Since the present invention has the above-mentioned structure, it has the following effects. Since the non-linear circuit is simply combined with the combination of the linear feedback shift register and the key register, the circuit configuration is extremely simple and, therefore, is extremely effective as a building block of the random number generation mechanism.

Since the obtained random number has a very large linear complexity, it is difficult to analyze it, and a statistically random high-quality random number sequence is generated. Therefore, a highly safe random number can be obtained. it can.

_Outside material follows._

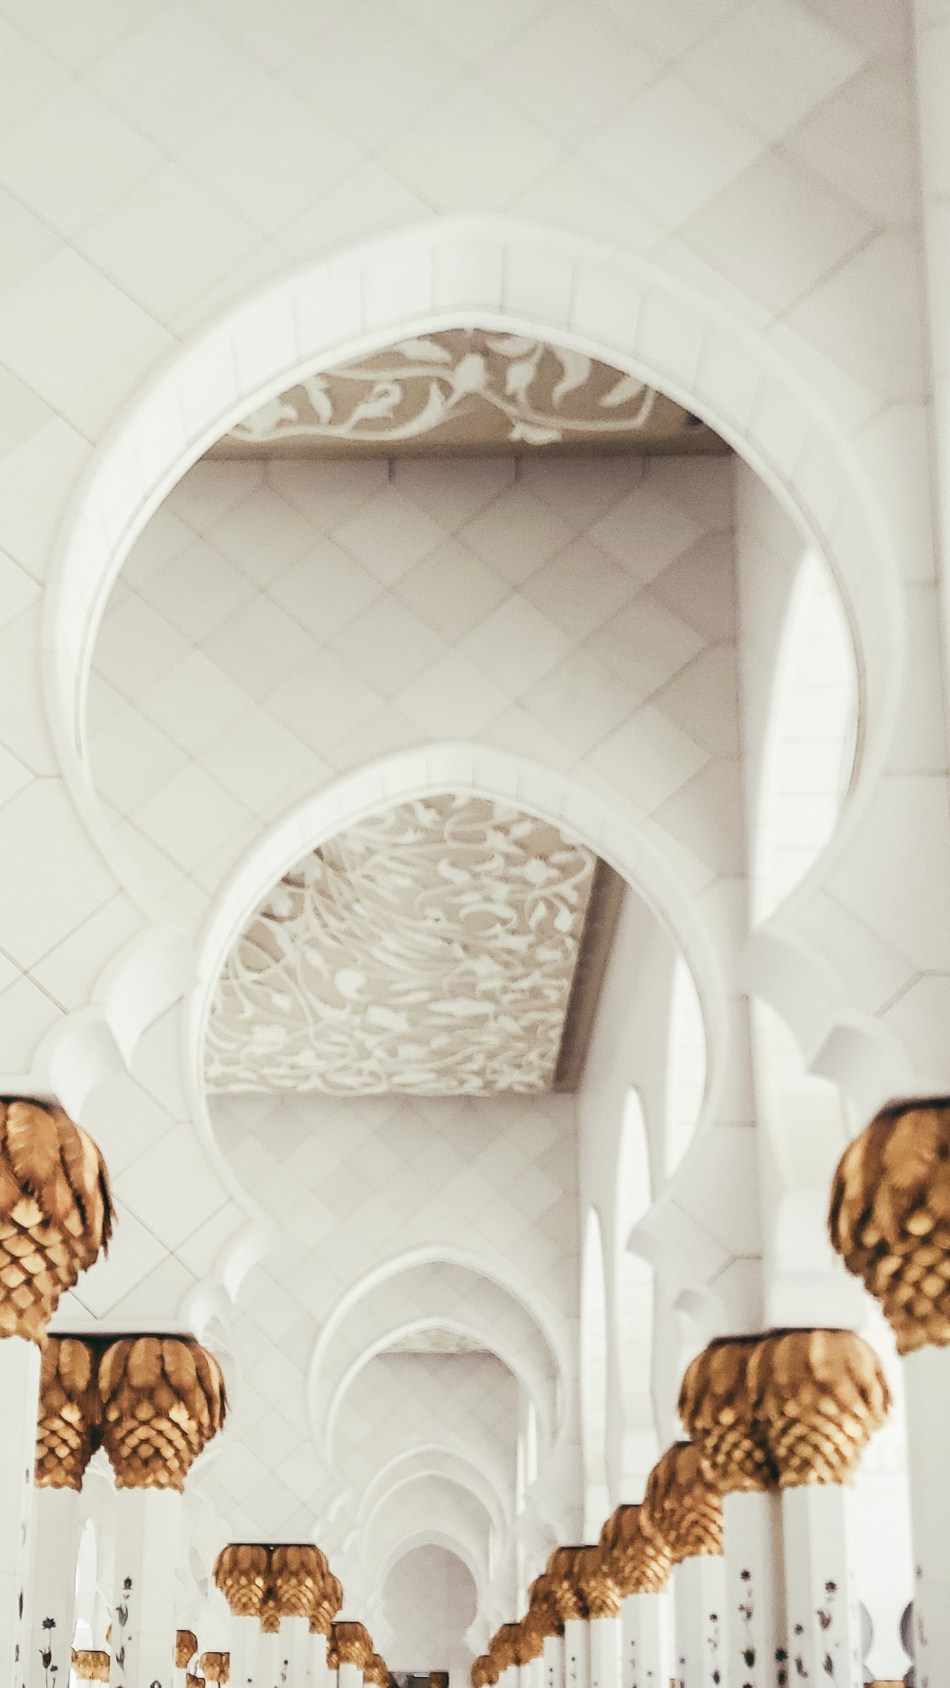 The Moorish archways of  Sheikh Zayed Grand Mosque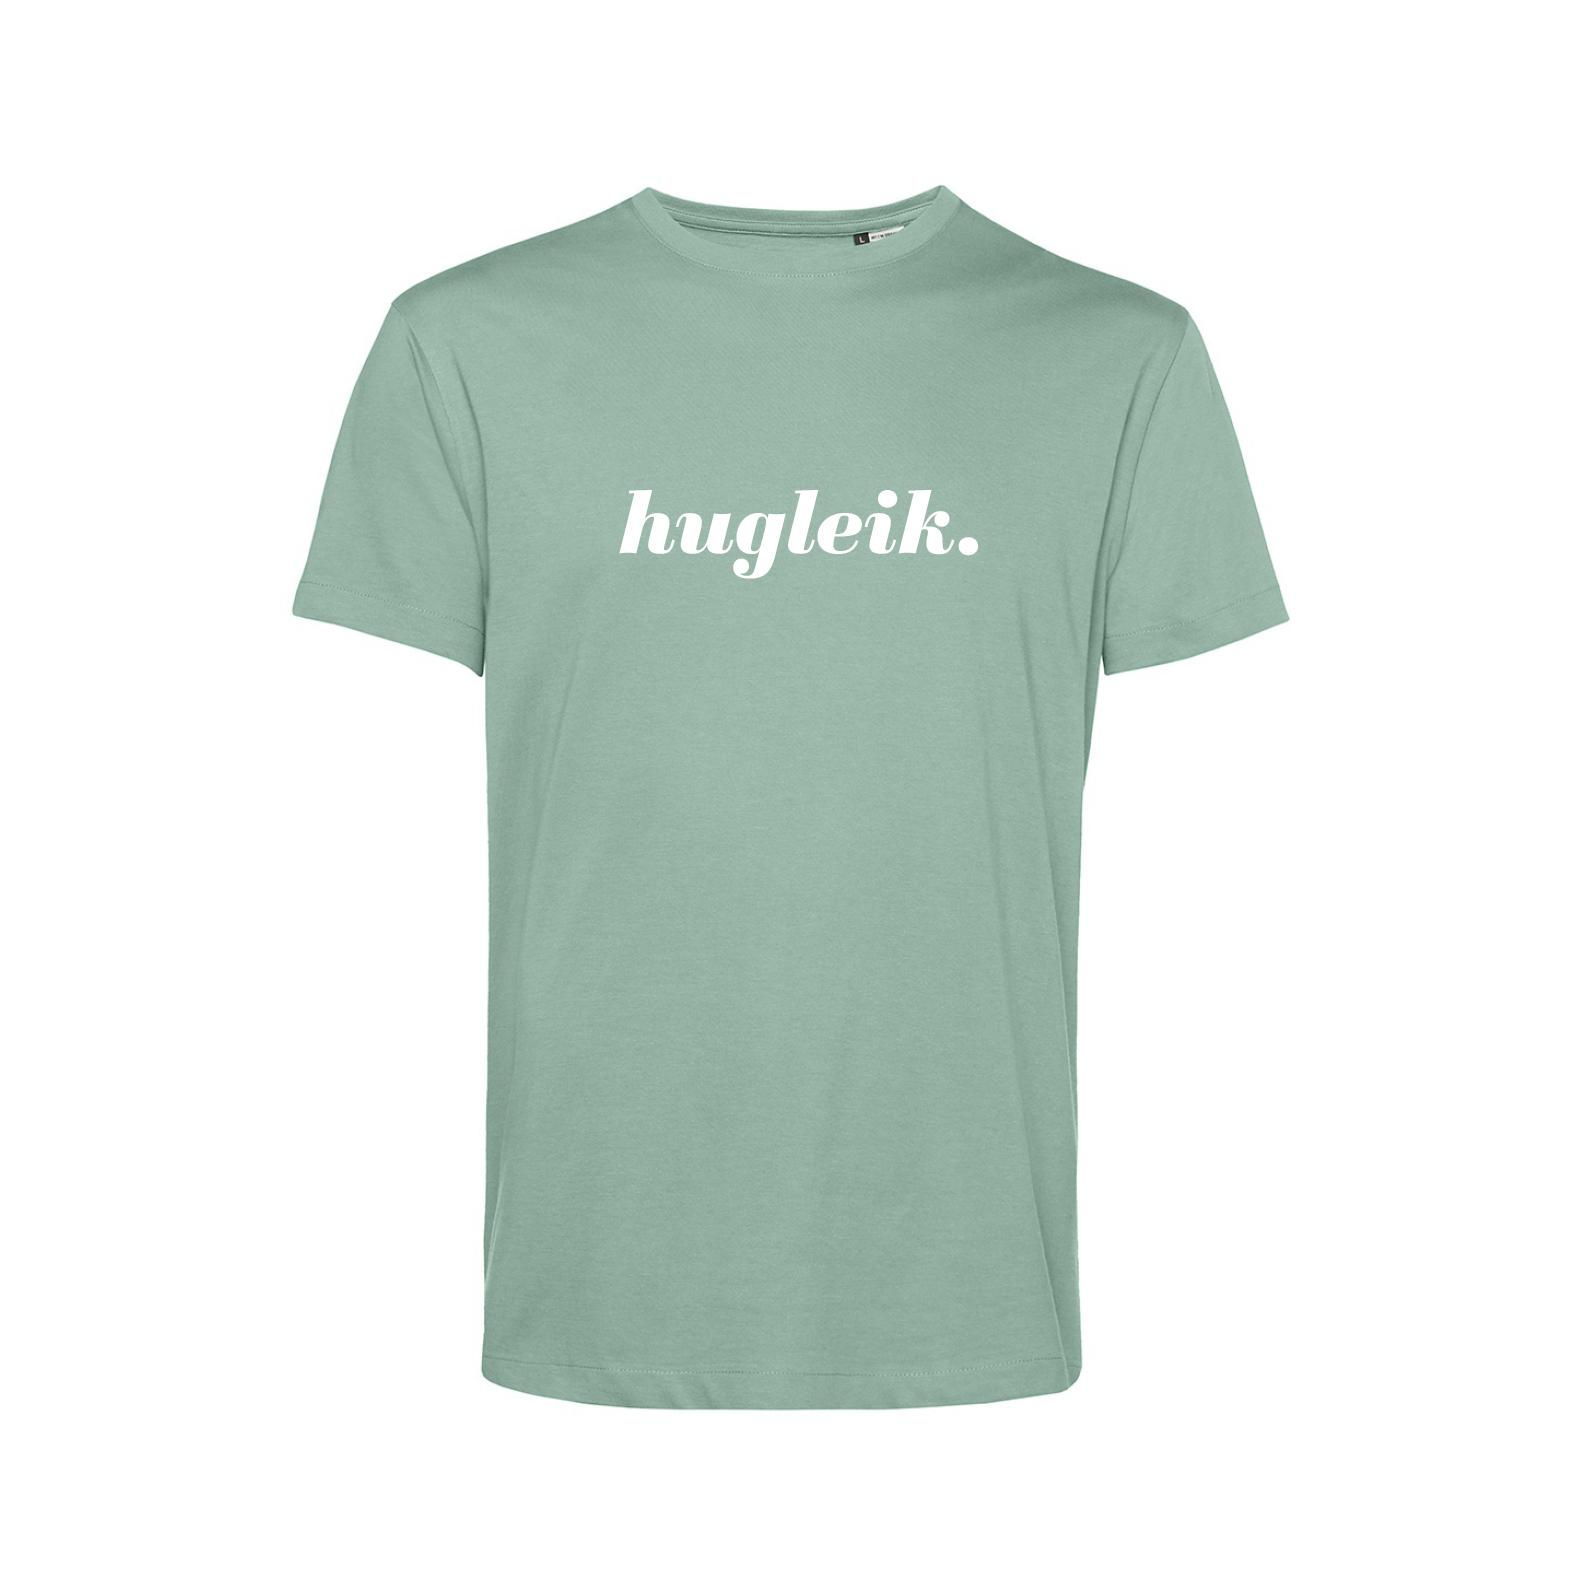 Dus grøn t-skjorte

Since the non-linearization of random numbers is automatically and rapidly achieved by a non-linear circuit, encryption and decryption can be performed quickly and accurately, and thus highly secure cryptographic communication can be achieved quickly and accurately. it can.

[0031]

[Brief description of drawings]

FIG. 1 is a circuit diagram showing an embodiment of a basic circuit configuration of the present invention.

[Explanation of symbols]

 1; Random number source circuit 2; Linear feedback shift register 3; Key register 4; Logical product 5; Non-linear circuit

Claims (1)

[Claims] 1. A linear feedback shift register (2) for generating an M sequence having an nth order feedback polynomial.
Random number generation circuit (1) having an n-stage key register (3)
And a non-linear circuit (5) that inputs the logical product (4) of the linear feedback shift register (2) and the key register (3)
GF (2), which is a function of the nonlinear circuit (5)
The above m-variable nonlinear function z = f (x ₁ , x ₂ , ..., x _m ).
Using the threshold t, And a threshold value t is t = 2 ^d +1 (d> 0). Similarly, a random number generation circuit using a non-linear circuit in which the number of variables m is set to m = 2 ^{d + 1} +1.